Delay in starting VMs.

j_s

Member
Sep 2, 2022
11
2
8
Hello. Relatively new to Proxmox guy here. I created several independent Proxmox hosts for a few days, then later joined them into a cluster and setup HA failover and such. Really enjoyed learning proxmox. However there's 1 thing that has bothered me, and I can't seem to come up with the proper keywords to get an answer, so I figured I'd ask here.

Before I clustered the machines together, when I started and stopped a VM from the WebGUI, the VM would nearly instantly "power on" as well as "power off". Less than 1 second would be my best guess. However, ever since I setup the cluster, VMs take 15 seconds (and sometimes more) before they power on (or off).

I can see this time in the tasks at the bottom of the WebGUI. I just shutdown and started 2 VMs for maintenance, and one showed:

HA 100 - Start 22:23:03
VM 100 - Start 22:23:18

That's 15 seconds. (this is about the shortest I've seen this year)

The other:

HA 117 - Start 20:32:48
VM 117 - Start 20:33:07

That's 19 seconds.

Still I've had others take 30 seconds or so.

Likewise, if I shutdown a VM from within the VM itself, the console will go offline, and almost always its 15+ seconds before the WebGUI of Proxmox actually shows the VM is powered off.

This is particularly annoying when I shutdown the entire cluster for maintenance and then have to start the VMs up afterwards. I end up waiting 20+ seconds for each VM to "power on" before I try the next one otherwise it seems like the VMs take even longer than 20 seconds to power on.

The *only* thing that I find even remotely out of place is that the Datacenter Summary page shows "Ceph" as "HEALTH_WARN" and if I click on it it says "OSD count 0 < osd_pool_default_size 2". Unless I'm really lost on what Ceph is and such (and I will admit its my weakest part of Proxmox), I don't use ceph at all, so I've ignored this since I noticed it.

All of the hosts are overpowered for their workload, all have 10Gb redundant networking, and all seem to be generally healthy. top shows CPU usage for 1m, 5m, and 15m averages less than 0.80, and RAM shows about 180GB of RAM free out of 256GB.

I do have a qdevice, but these problems were from before I had a qdevice.
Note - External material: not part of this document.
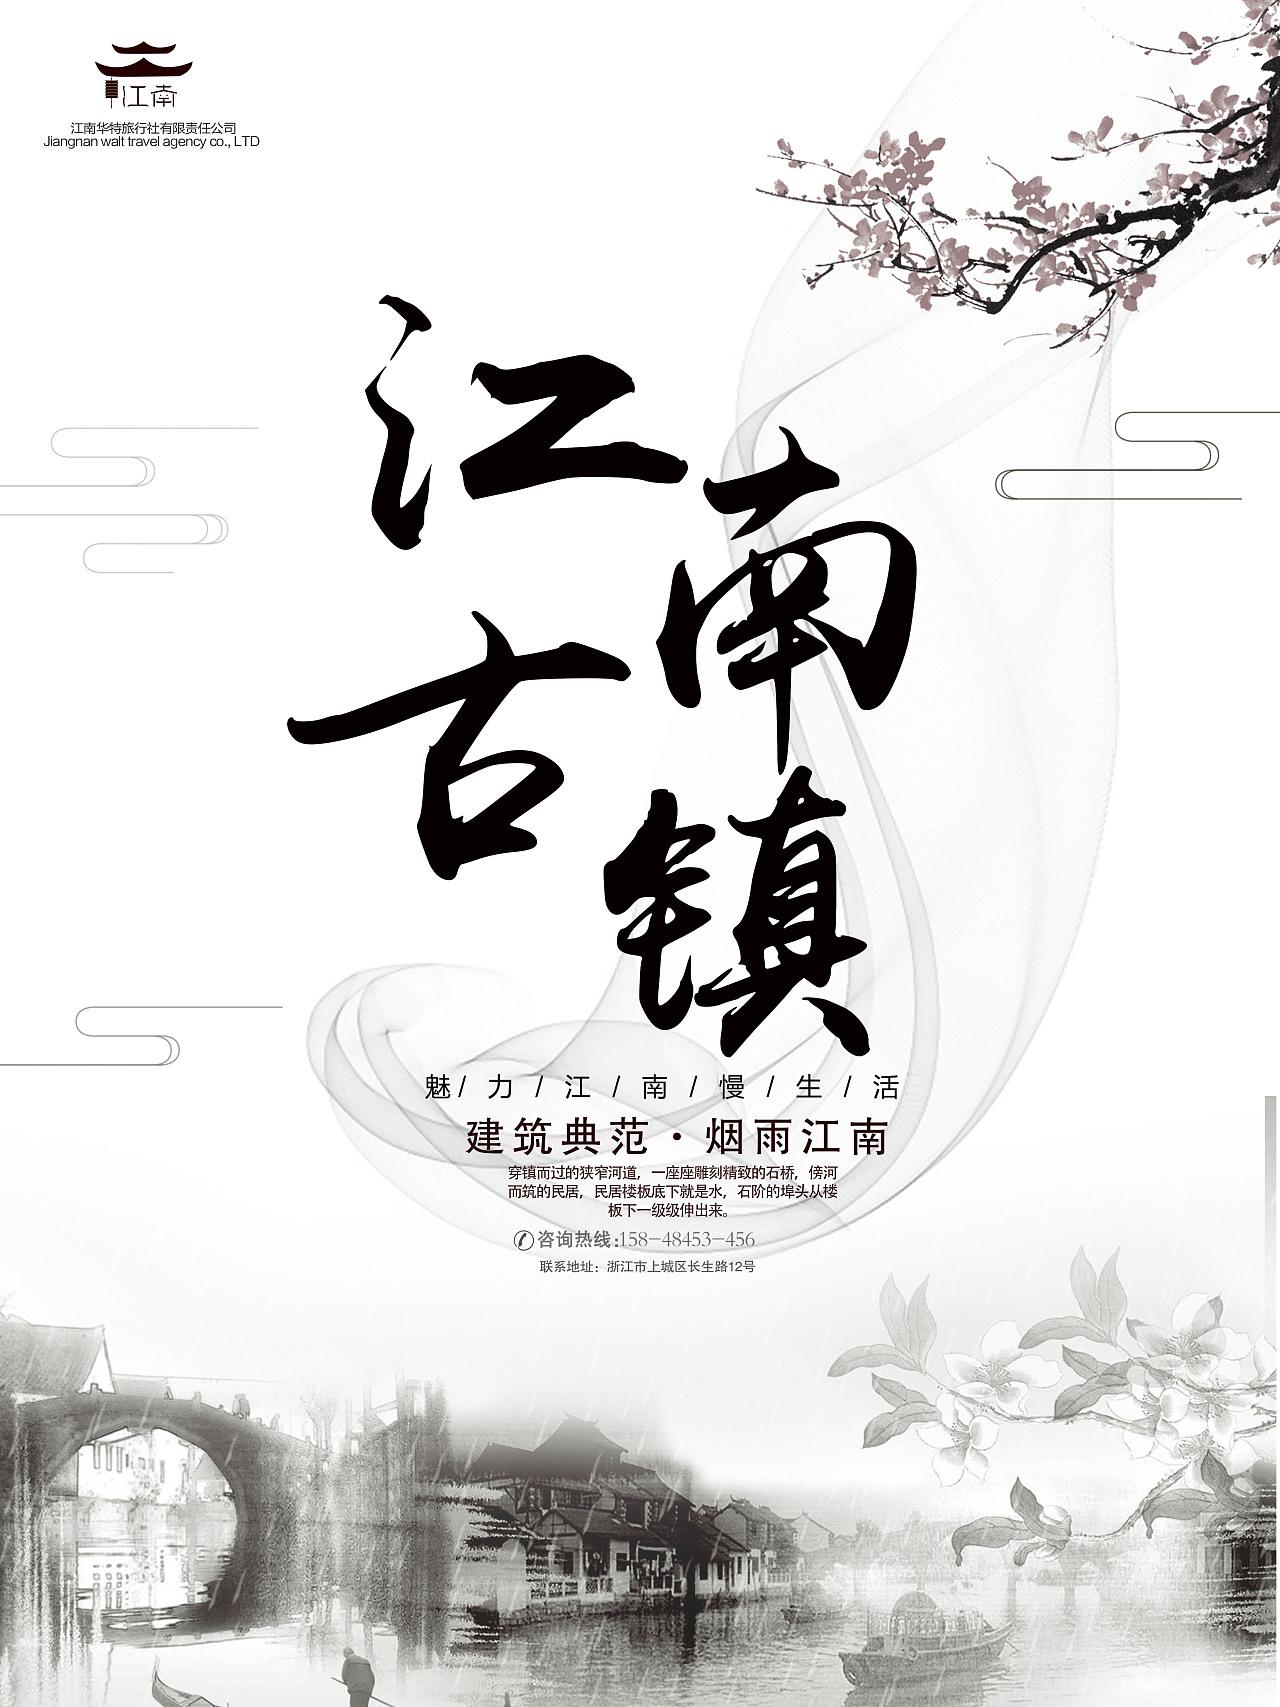 江南旅行社海报,折页,画册图片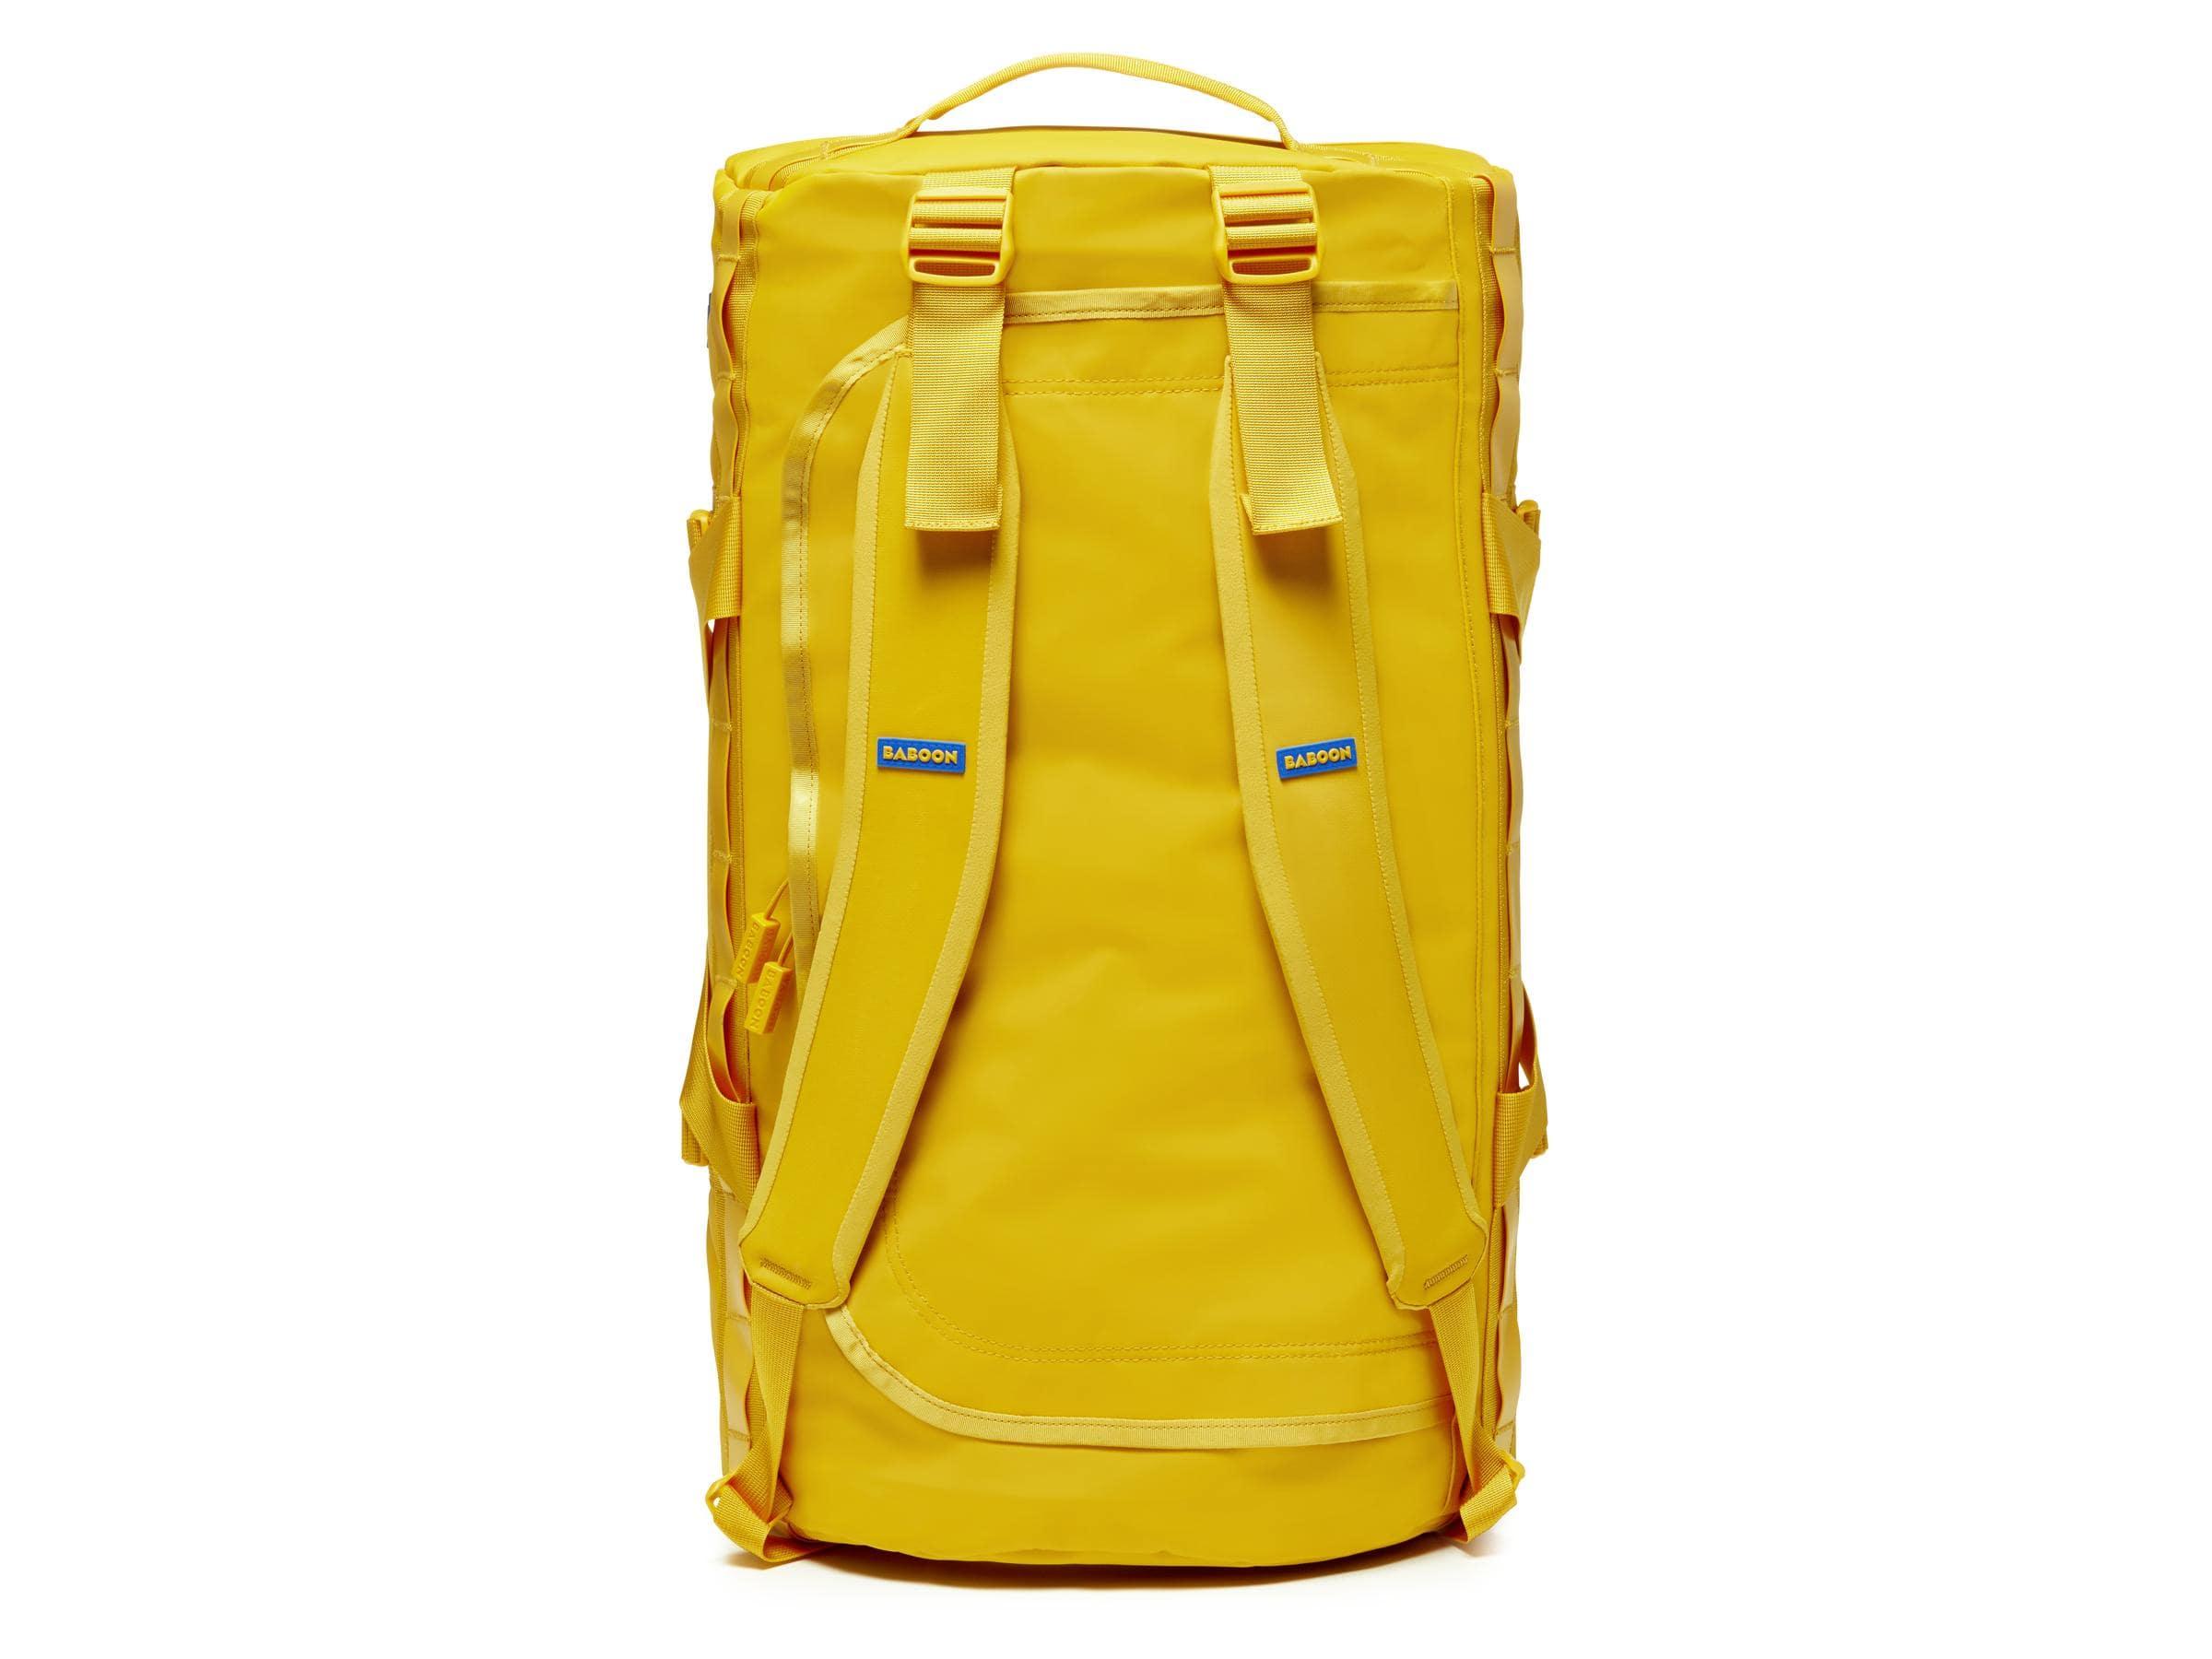 baboon-yellow-tigernaut-go-bag-large-03-38328

Can someone explain what is going on "behind the scenes" that takes all that time? I'd like to find and fix the problem (assuming there is a problem). This has been going on for quite some time. I think I first made the HA cluster in 7.1, and still persists today despite using 7.4.

Thanks!
 
Options
However, ever since I setup the cluster, VMs take 15 seconds (and sometimes more) before they power on (or off).
At least that's not due to clustering, but due to using the HA stack. For HA the direct command execution is done by the HA environment which takes the request state as source of truth, so the command execution goes:

  1. API call sees that the service is HA managed and sets request state to started
  2. The current active Cluster Resource Manager (CRM) processes this and triggers a request-start state
  3. The request-start state checks if the service should be moved to another node for startup, depending on HA group priorities and the Cluster Resource Scheduler (CRS) configuration
  4. Once it found a node the service will be relocated to it, if not already located there – this can take additional time
  5. Once the target node is all right the CRM encodes the start request as job in the manager state
  6. The Local Resource Managers (LRM) read the manager state, and the LRM on the node the service is located on sees the new request state job and spawns the worker actually starting the VM
  7. The CRM checks on the result and processes any other migration, fence, ... request/need.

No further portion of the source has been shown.